_Supplied data_:
+ + +

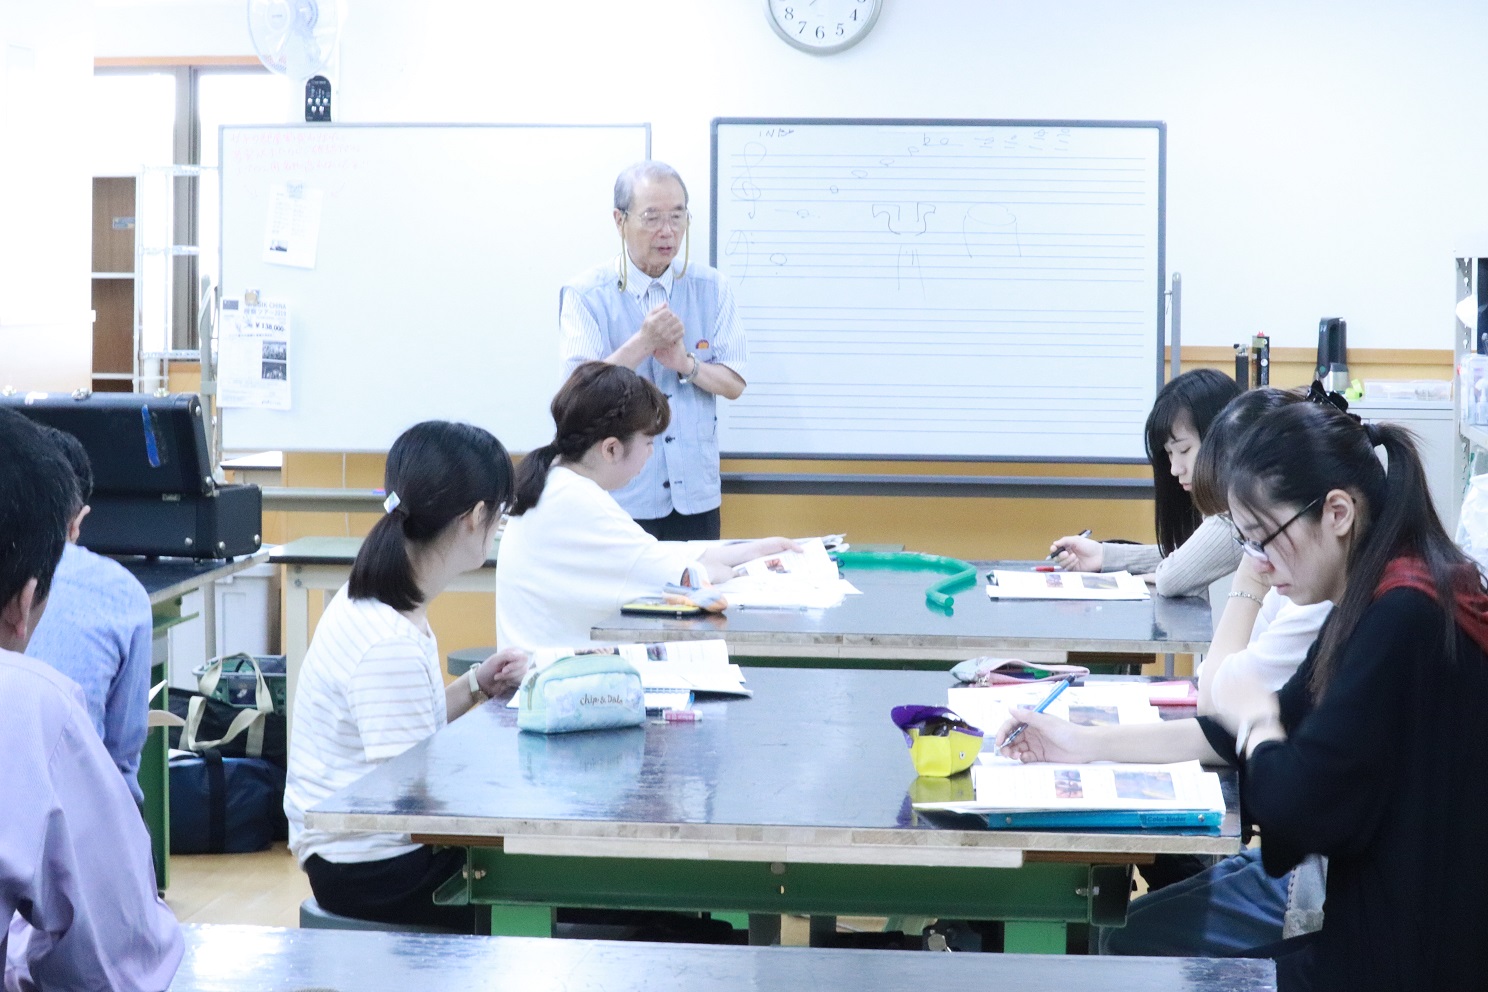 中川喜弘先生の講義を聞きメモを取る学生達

+ + +

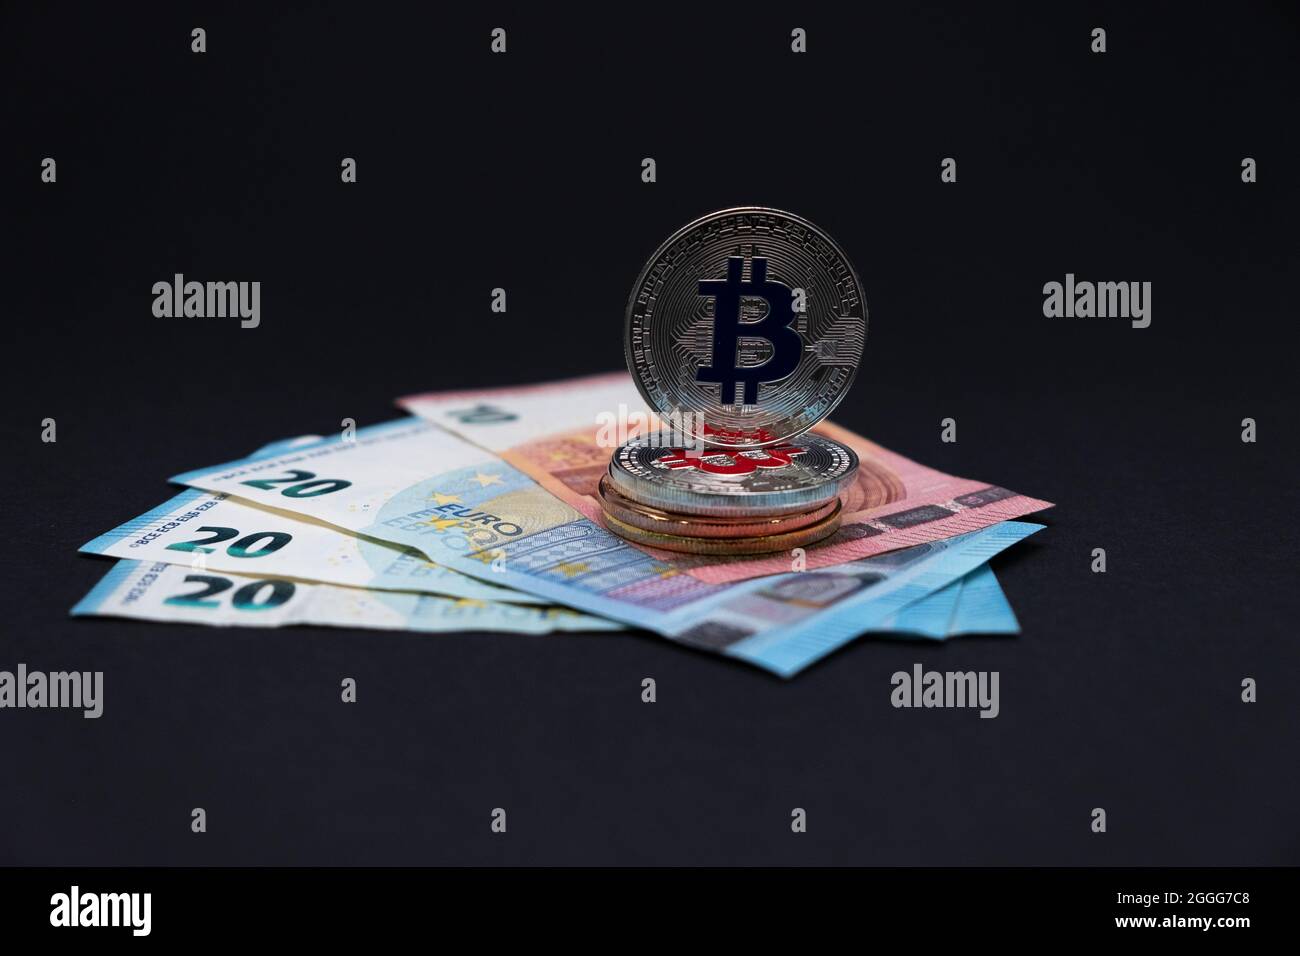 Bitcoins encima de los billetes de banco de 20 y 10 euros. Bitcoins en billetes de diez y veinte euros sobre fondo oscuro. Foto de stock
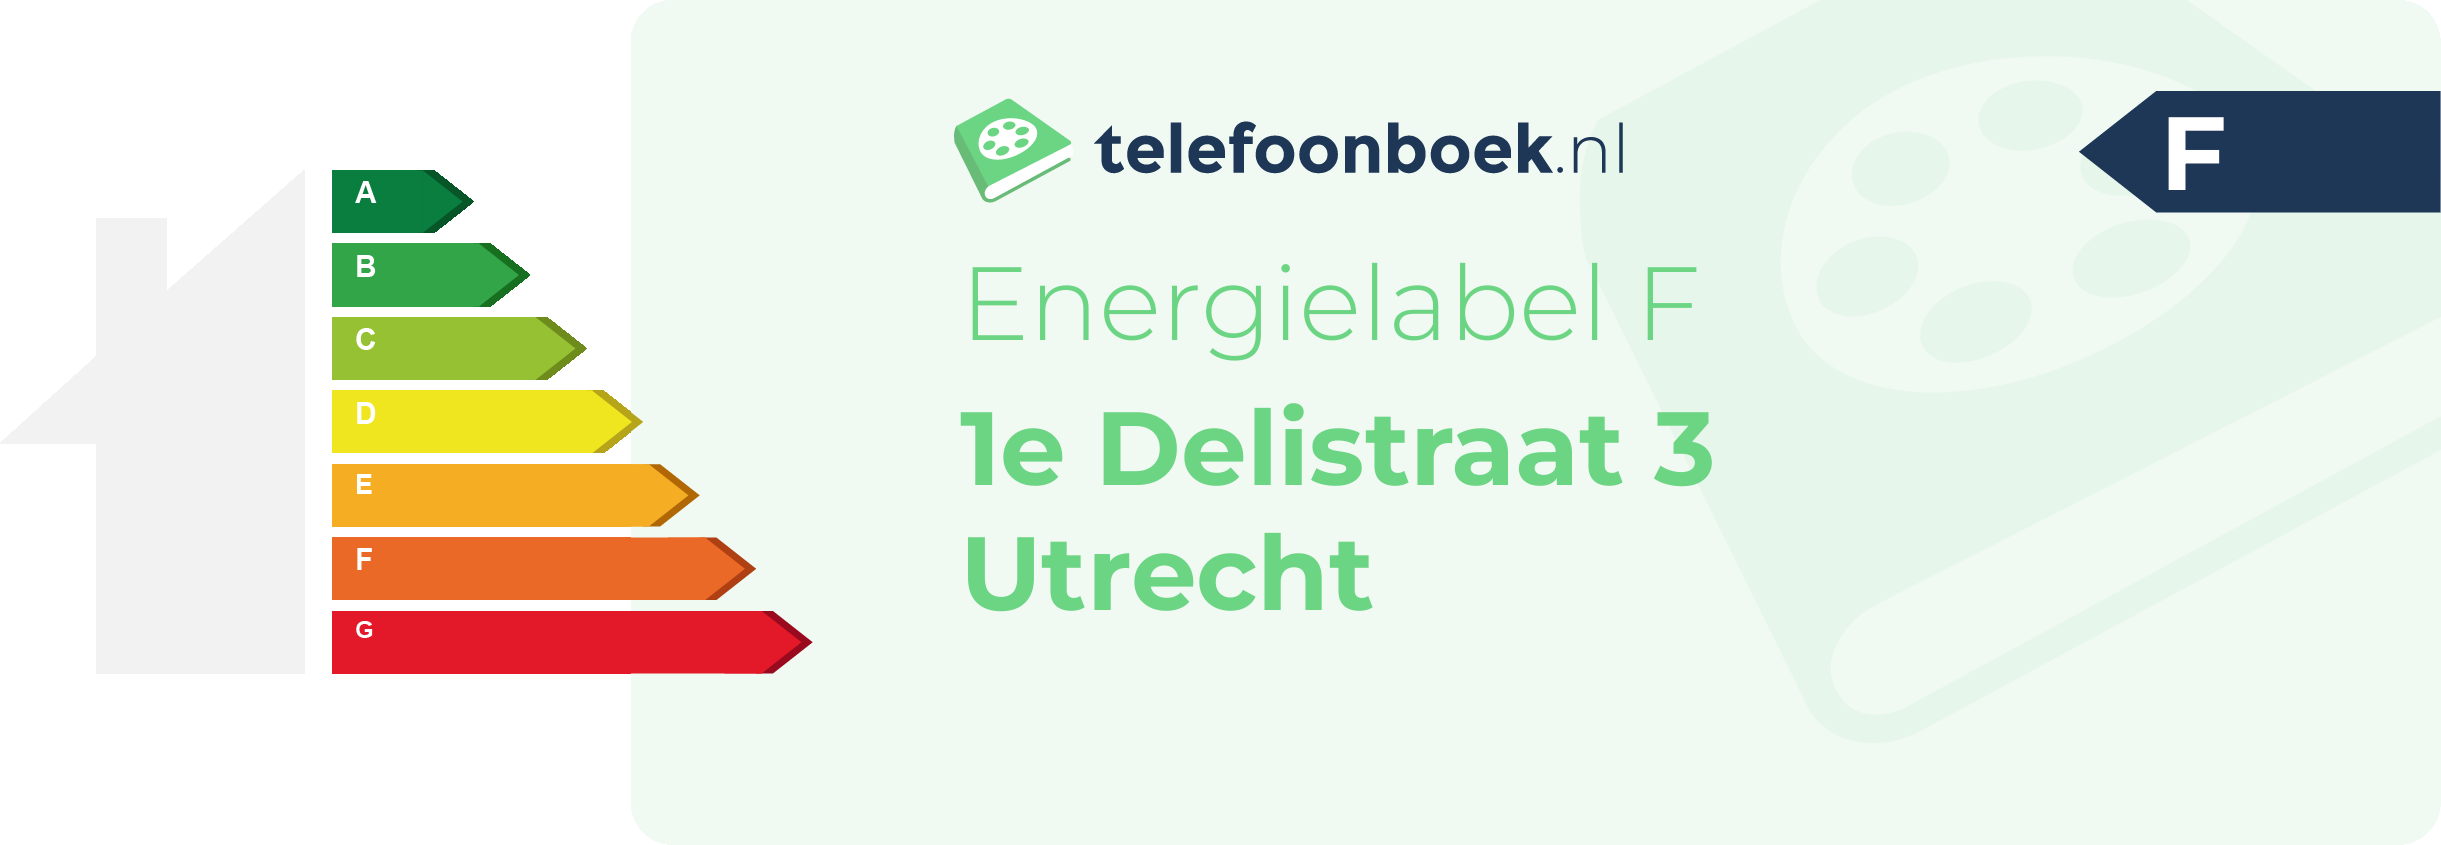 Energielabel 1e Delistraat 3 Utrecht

+ + +

_Exercise description_:
Nothing but the lines from the one with "Bitcoins encima de" up to and including the one with "Energielabel 1e Delistraat 3 Utrecht" should be printed, exactly as they read above. Please keep the pictures out.

_Exercise response_:
 Bitcoins encima de los billetes de banco de 20 y 10 euros. Bitcoins en billetes de diez y veinte euros sobre fondo oscuro. Foto de stock
 Energielabel 1e Delistraat 3 Utrecht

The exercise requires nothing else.